• _Provided material_:
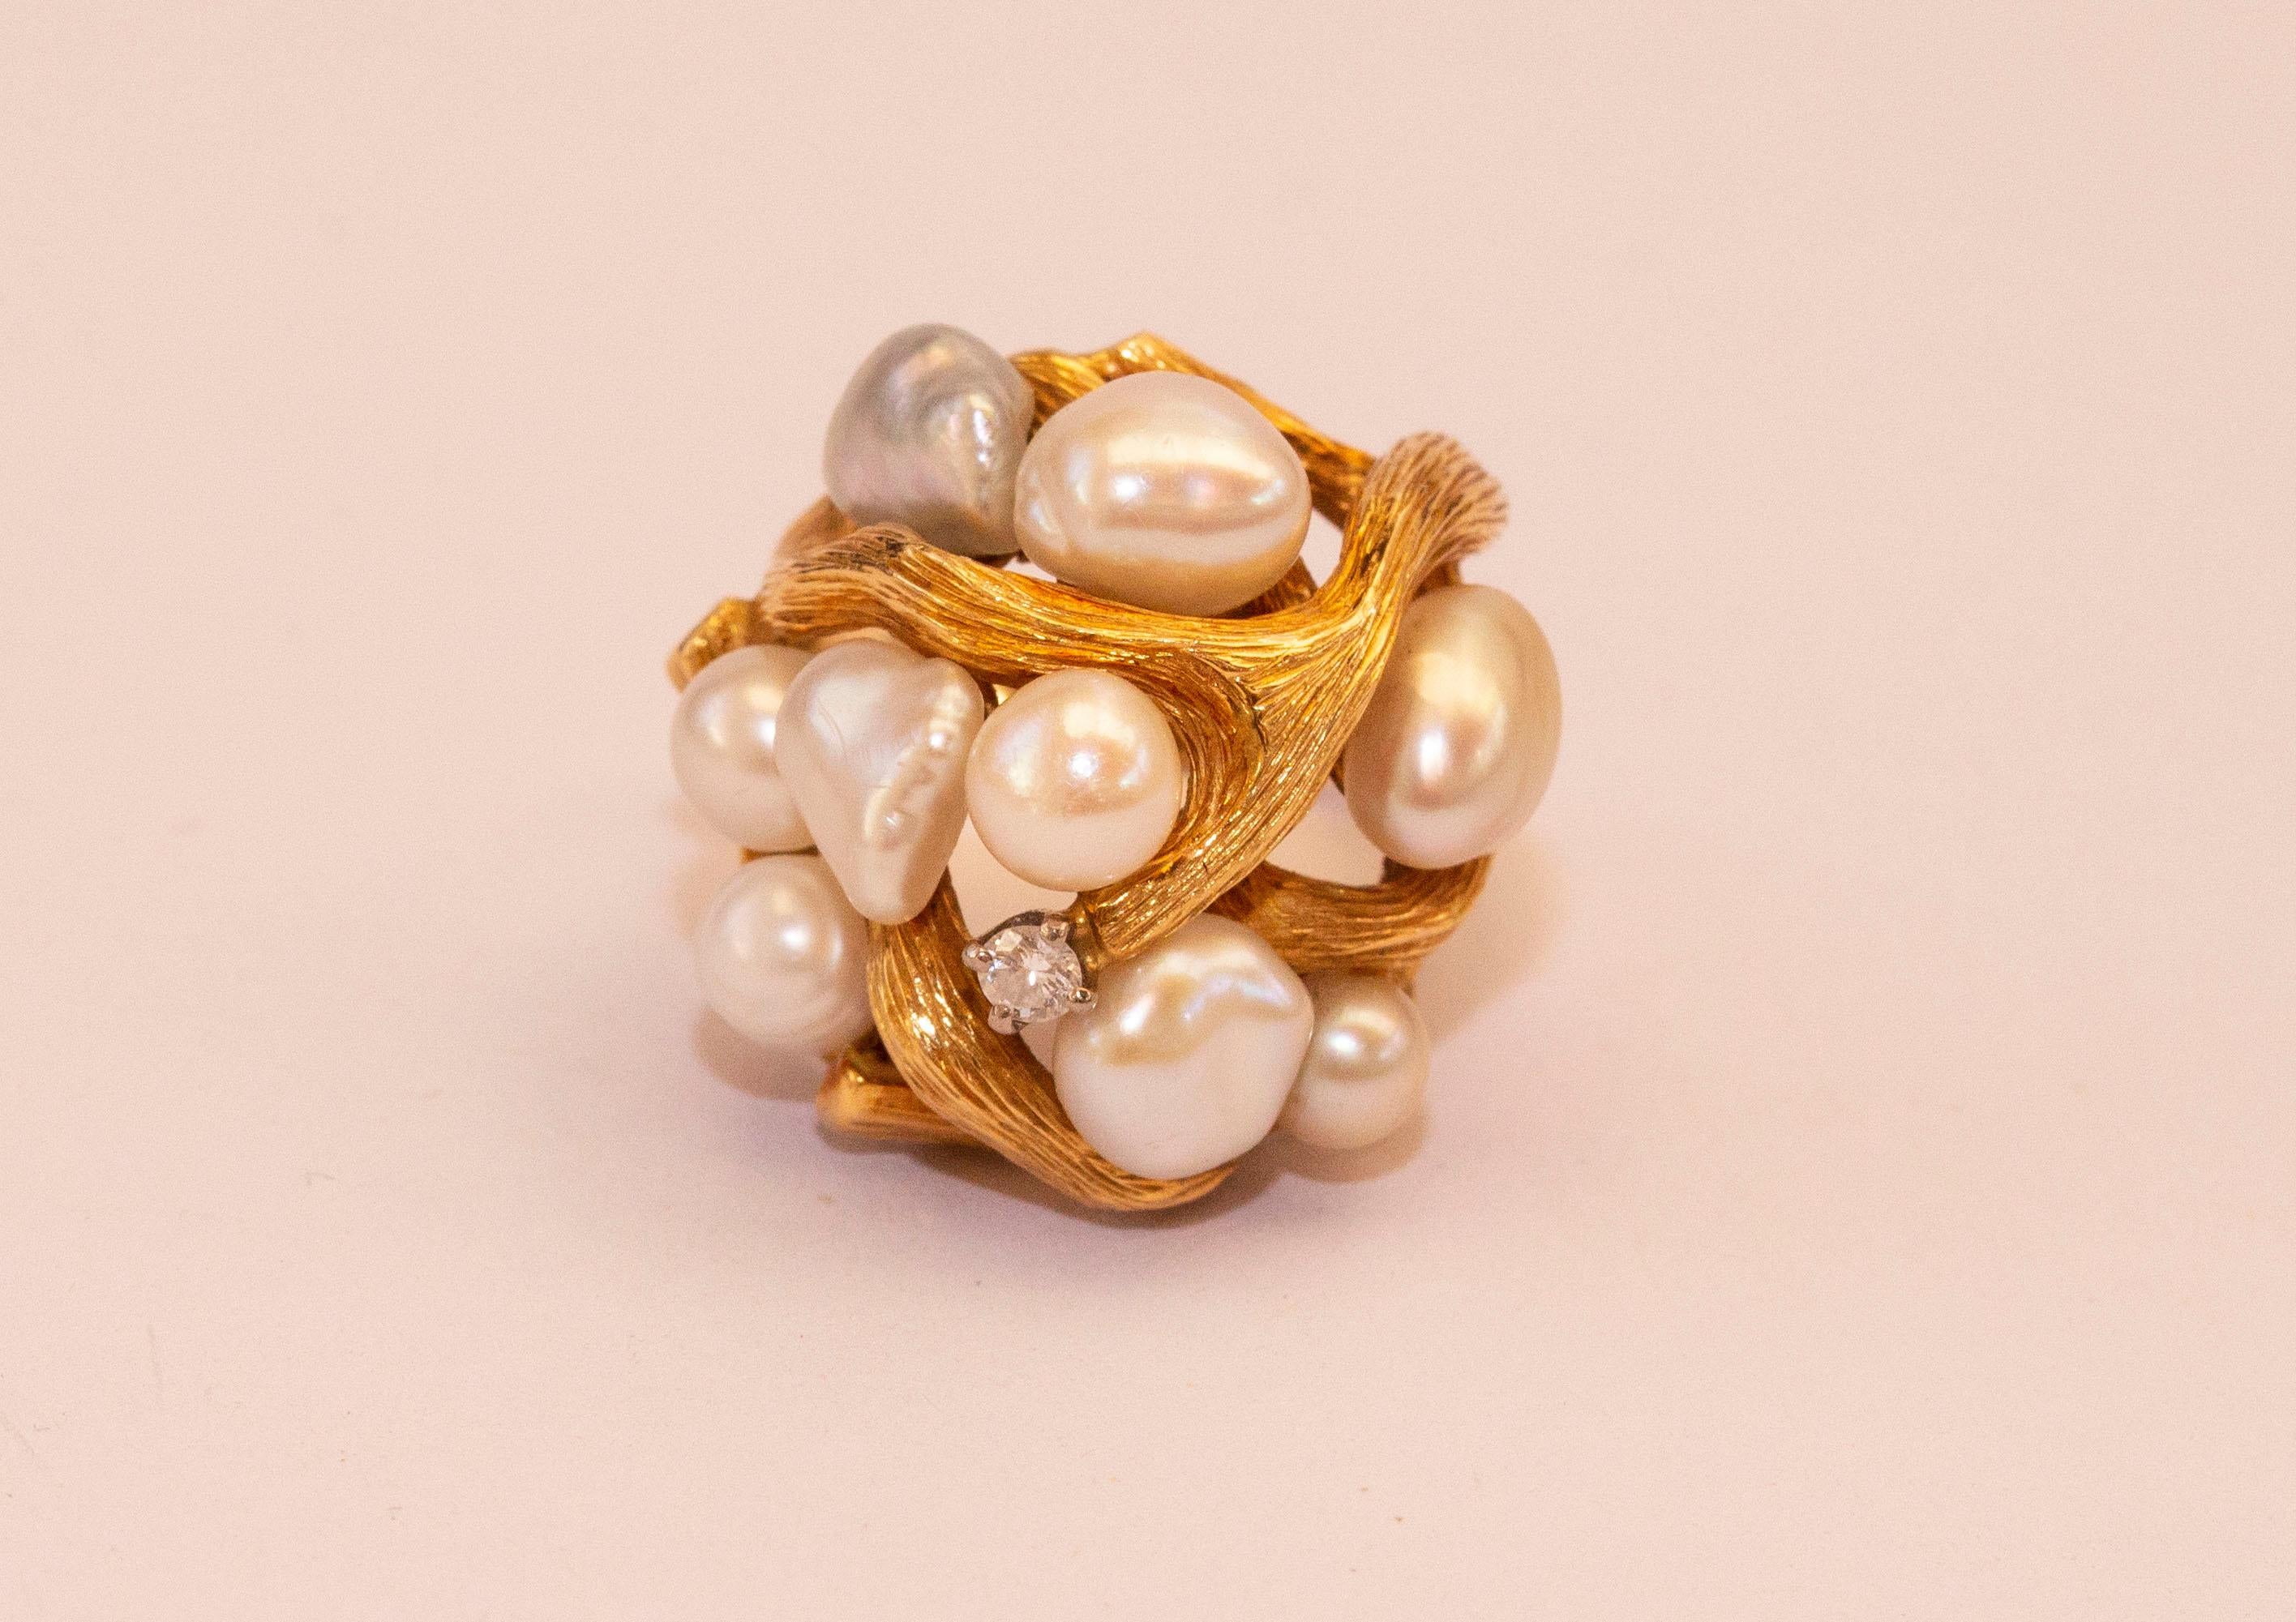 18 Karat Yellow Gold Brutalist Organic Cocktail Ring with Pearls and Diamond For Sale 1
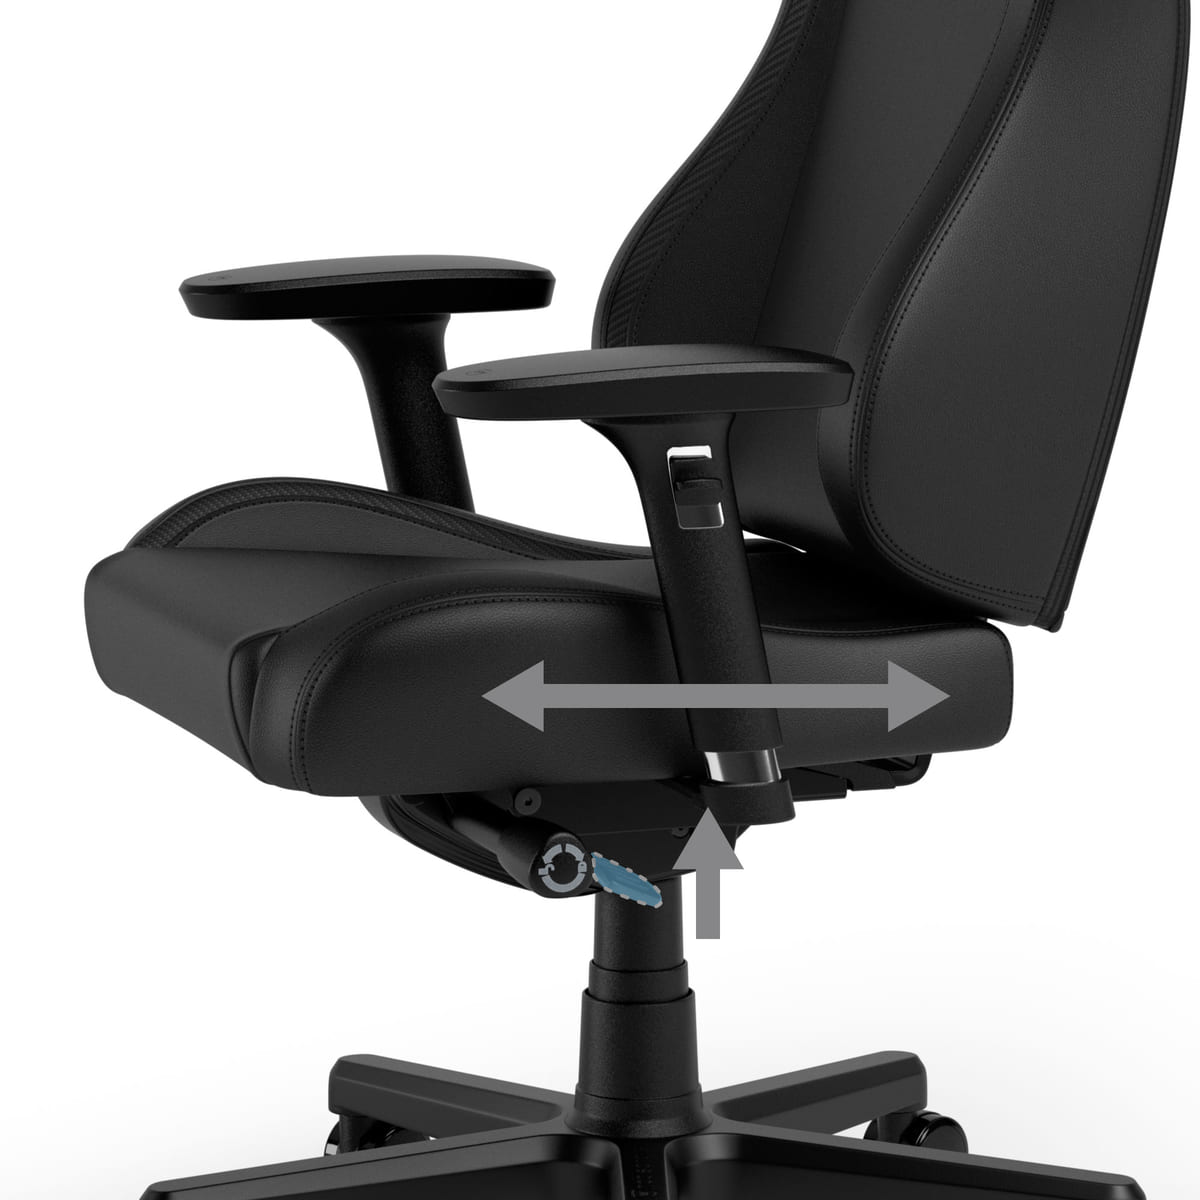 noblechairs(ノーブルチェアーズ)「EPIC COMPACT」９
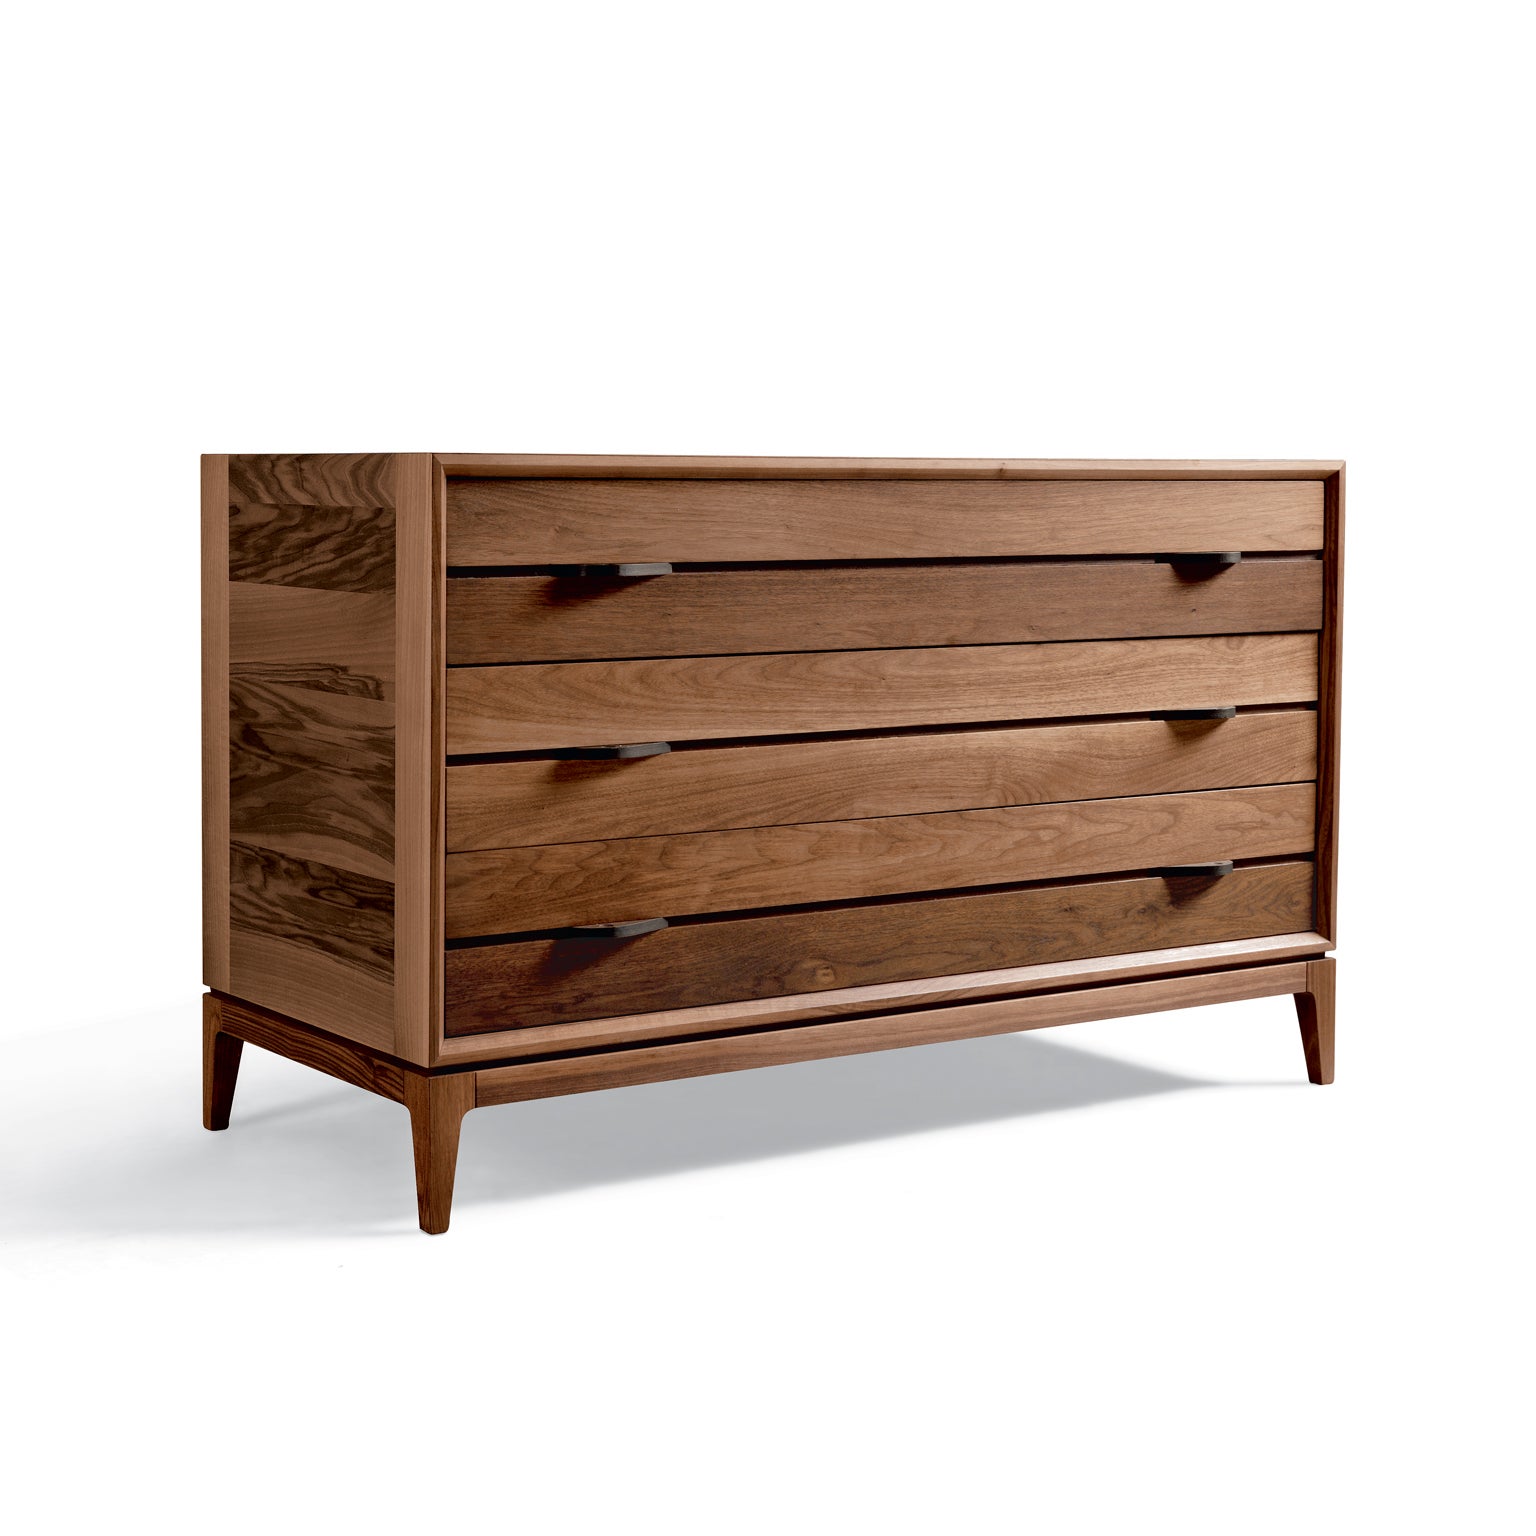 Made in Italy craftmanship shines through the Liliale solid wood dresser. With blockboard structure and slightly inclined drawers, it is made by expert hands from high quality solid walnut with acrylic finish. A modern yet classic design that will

• _What to do_:
The complete material, set down exactly and stripped of pictures, is the expected response.

• _Result of this exercise_:
 18 Karat Yellow Gold Brutalist Organic Cocktail Ring with Pearls and Diamond For Sale 1
 noblechairs(ノーブルチェアーズ)「EPIC COMPACT」９
 Made in Italy craftmanship shines through the Liliale solid wood dresser. With blockboard structure and slightly inclined drawers, it is made by expert hands from high quality solid walnut with acrylic finish. A modern yet classic design that will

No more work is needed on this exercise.